*** Dataset content ***

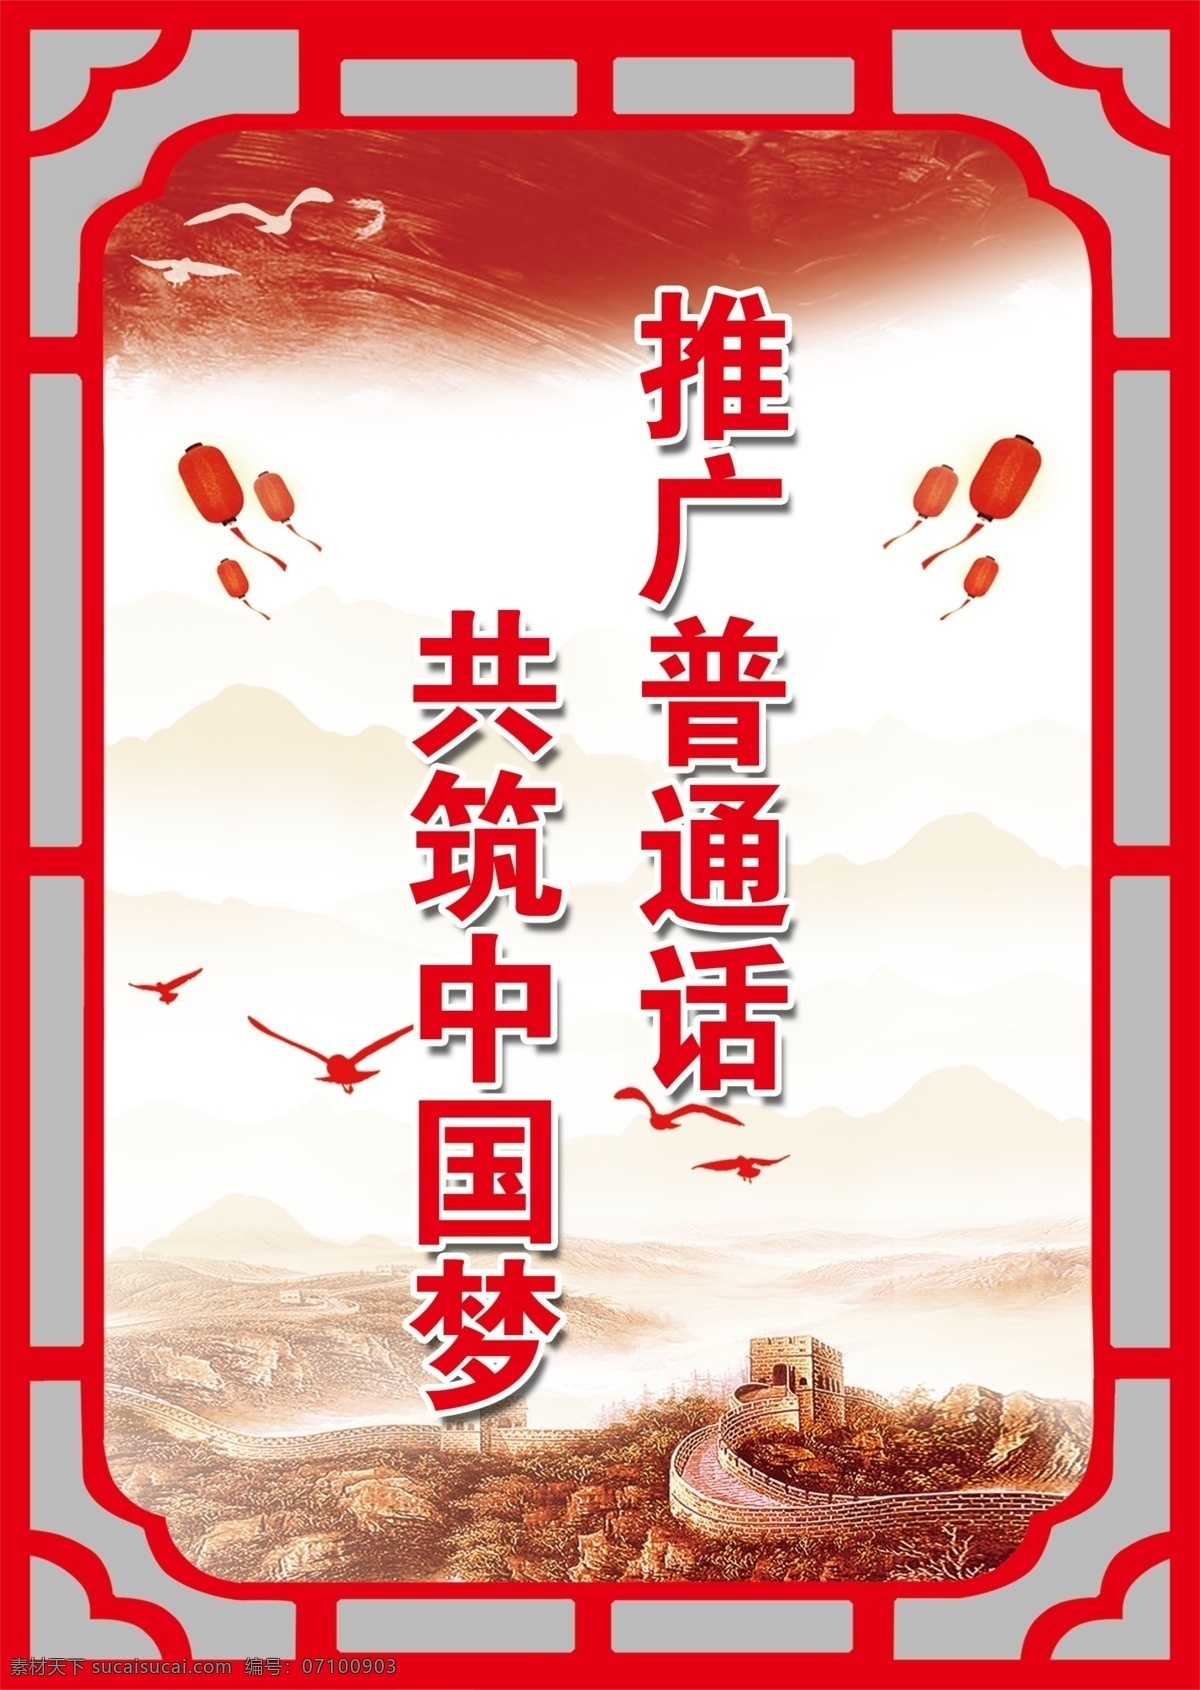 普通话 标语 推广 共筑 中国梦 红色背景 花格边框 分层
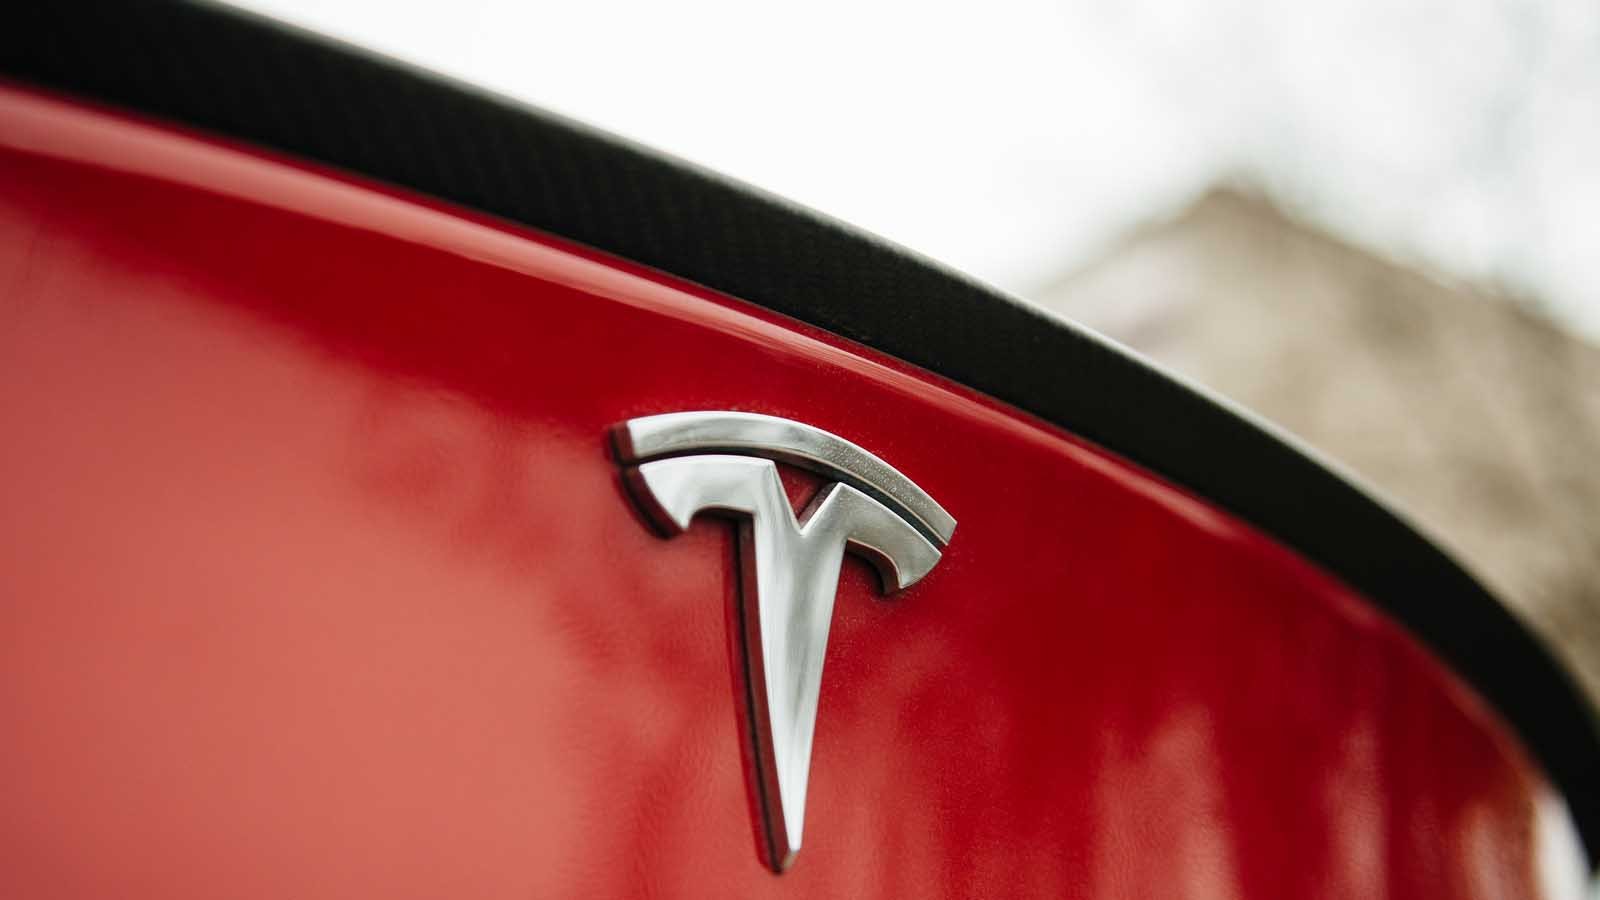 Tesla (TSLA) badge on back end of red Tesla car
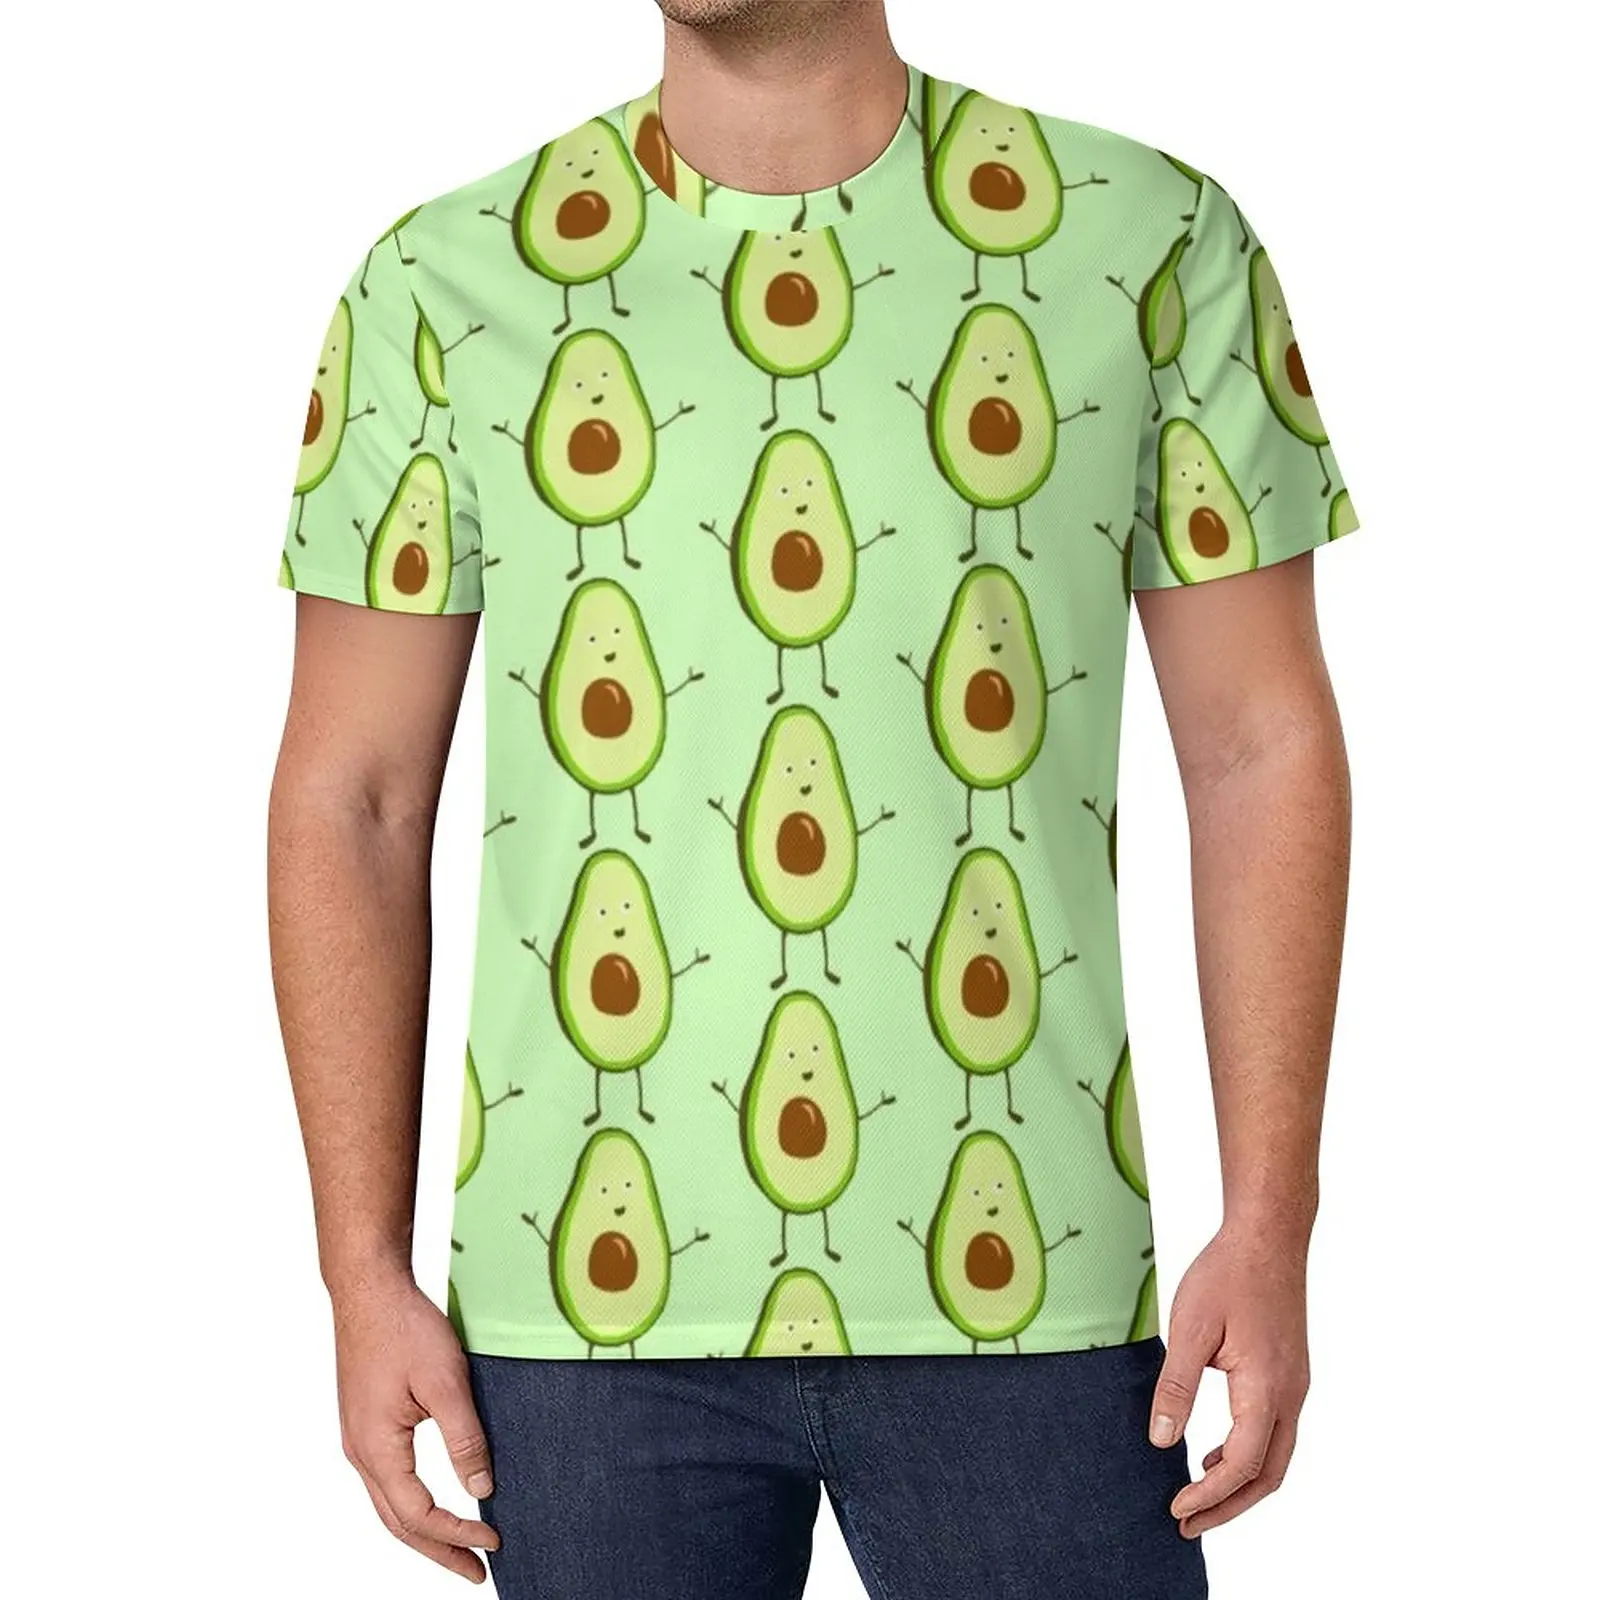 

Футболка с изображением авокадо, Мужская футболка с рисунком фруктов, еды, обнимания, любви, летняя футболка с коротким рукавом, Забавные топы большого размера, идея для подарка

***

== Action item ==
In your output, repeat the listing above exactly and include none of the pictures.

== Written response ==
 普通话 标语 推广 共筑 中国梦 红色背景 花格边框 分层
 Tesla (TSLA) badge on back end of red Tesla car

Футболка с изображением авокадо, Мужская футболка с рисунком фруктов, еды, обнимания, любви, летняя футболка с коротким рукавом, Забавные топы большого размера, идея для подарка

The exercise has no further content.